Александра вызывает "скорую", а я всей душой рвусь к тебе. Если б я могла, я бы вылетела из тела, прикованного к постели, и помчалась бы туда, в больницу, чтобы охранять тебя невидимым призраком. Пытаюсь взлететь, выпростать из кокона крылья, но... не могу. По щекам катятся слёзы.
Александра в светло-сером брючном костюме с длинным жакетом расхаживает по комнате:
— Ну где же эта "скорая", будь она неладна!
— Похоже, не приедет. — Каждое произнесённое слово раскачивает меня, как штормовой ветер. — Езжай, опоздаешь...
Лицо Александры расплывается в моих глазах овальным пятном, только взволнованный блеск глаз пробивается, как далёкий свет звёзд.
— Угу. И оставлю тебя тут в таком состоянии?
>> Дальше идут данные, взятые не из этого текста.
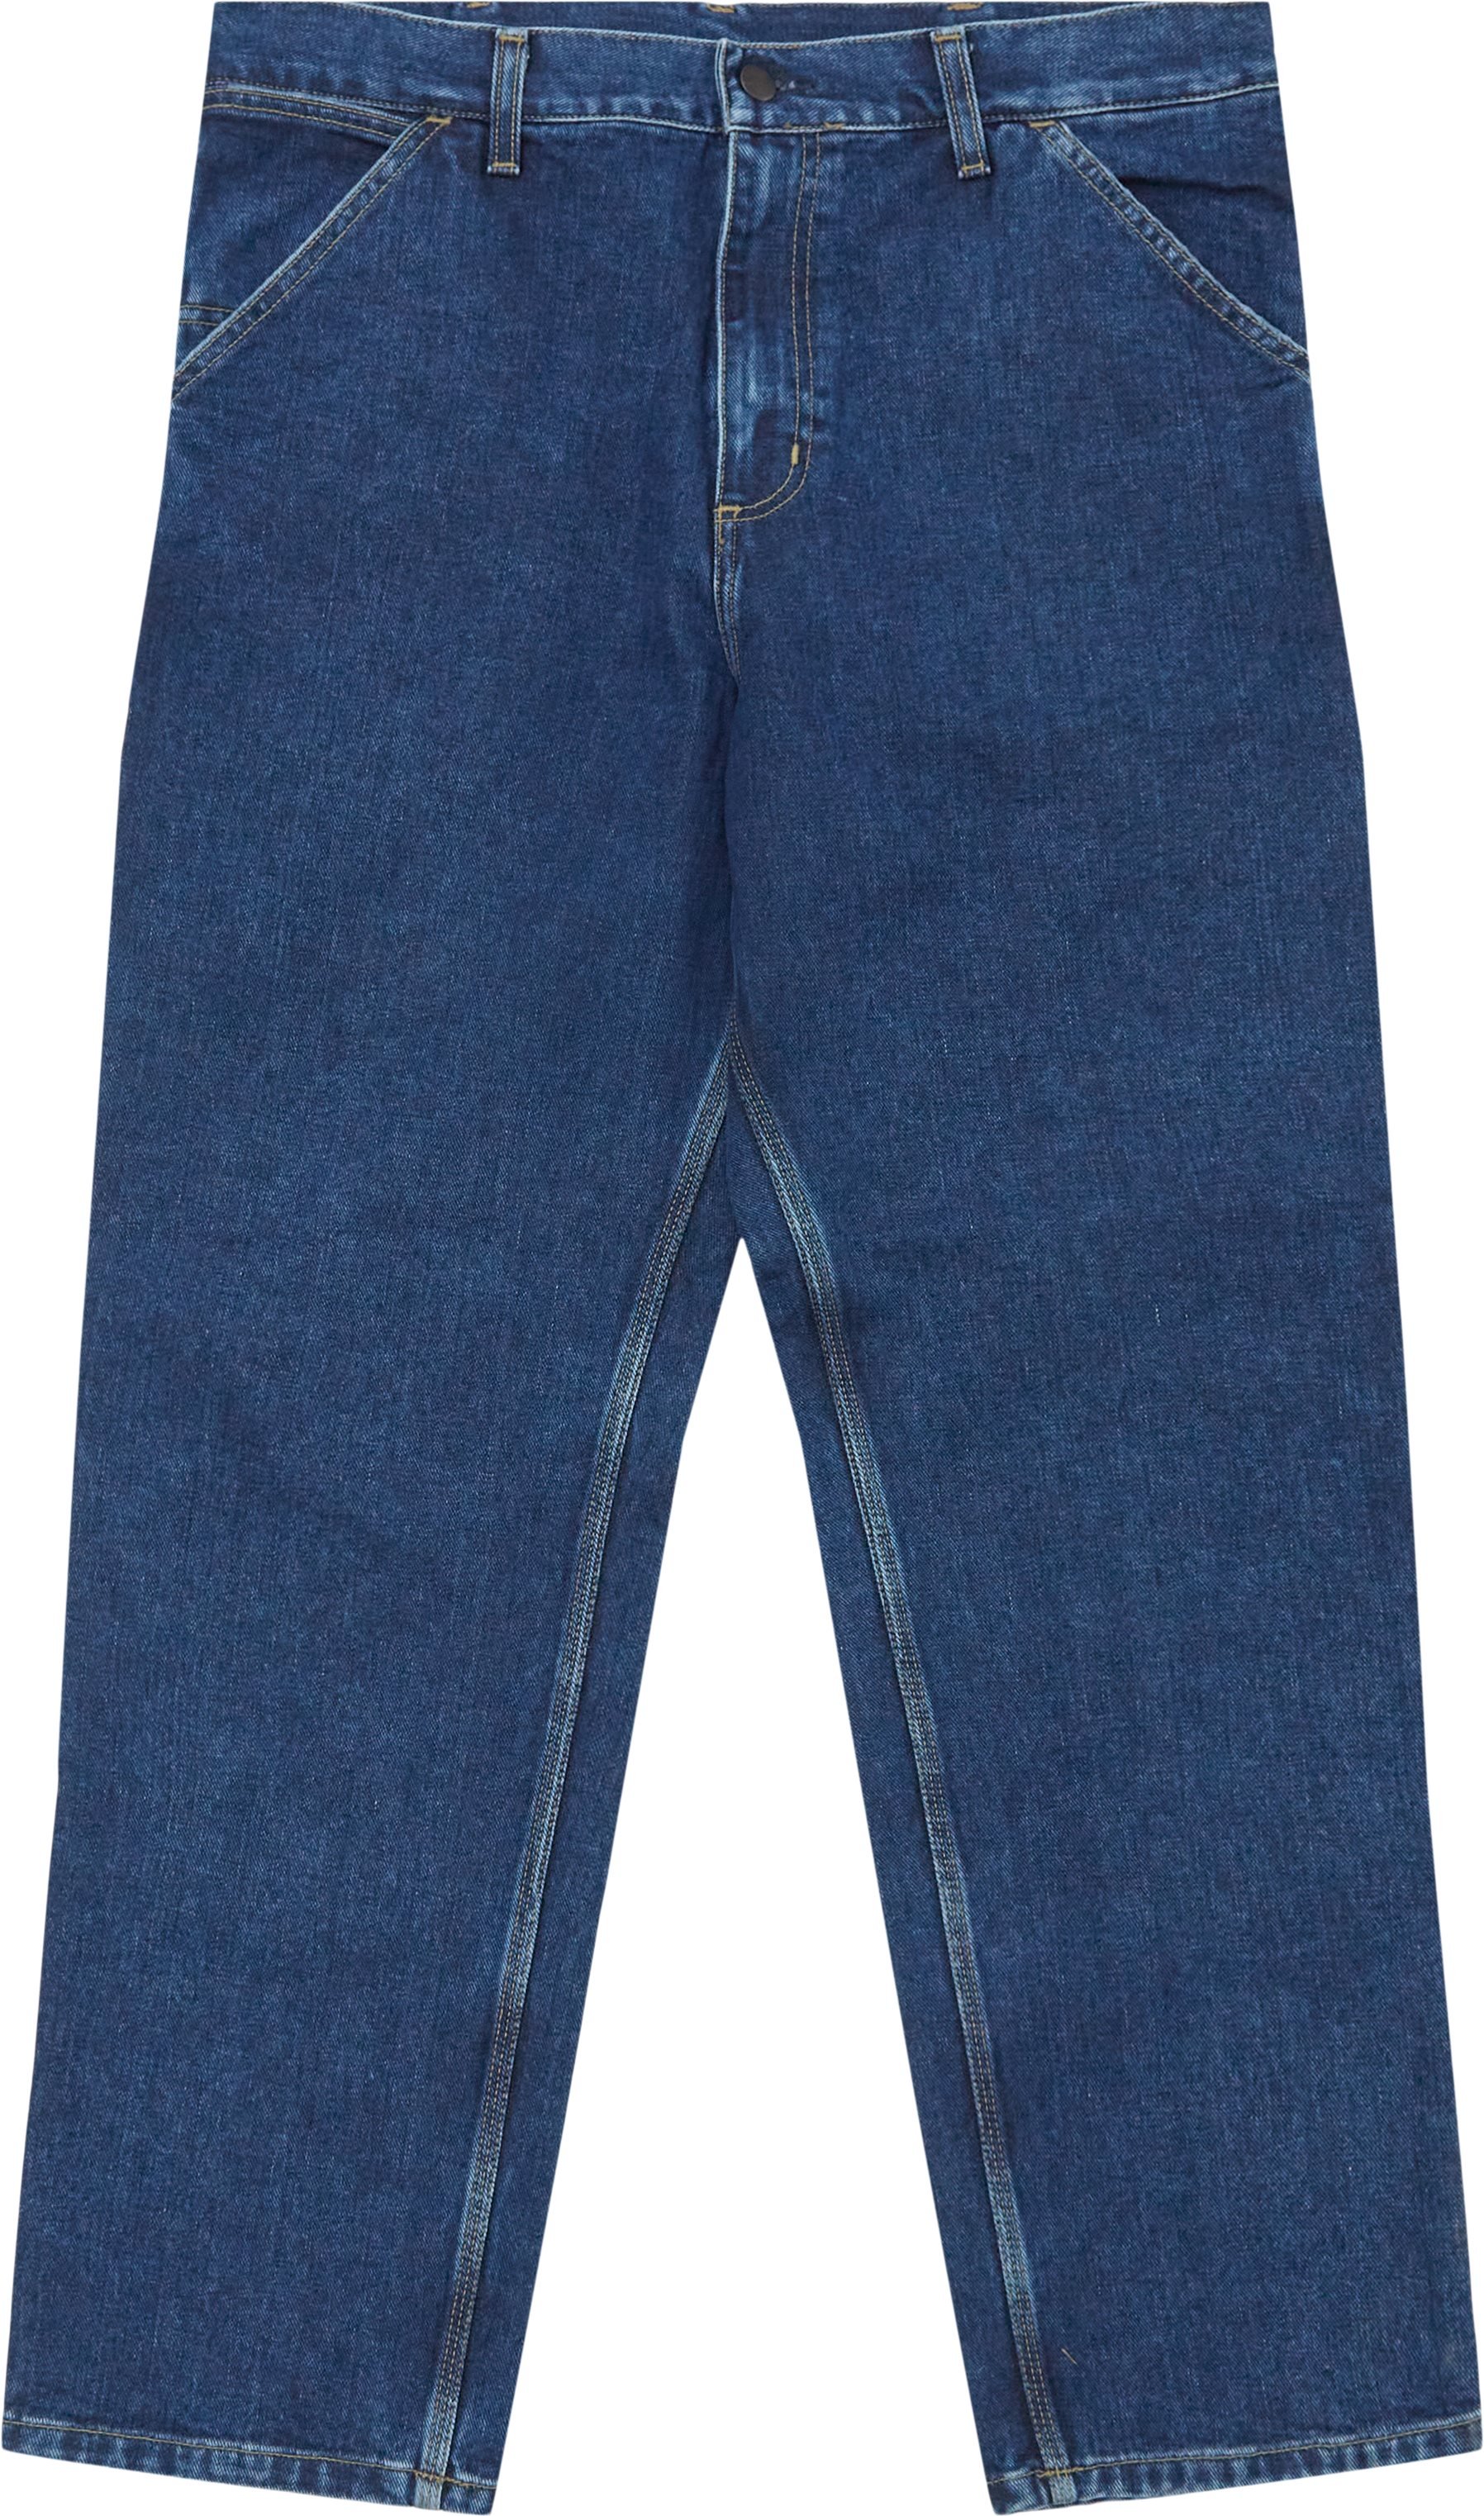 Carhartt WIP Jeans SINGLE KNEE PANT I032024.0106 Denim

— Езжай... Яне нужно... будь рядом.
— Мы уже опоздали, Лёнечка. Уже восемь часов. Операция началась.
Началась... Опоздали. Не приехали, не поддержали, ты там одна. Пальцы Александры вытирают с моего мертвенно-белого лица слёзы:
— Ш-ш... Тихо, солнышко, не переживай. Всё будет нормально.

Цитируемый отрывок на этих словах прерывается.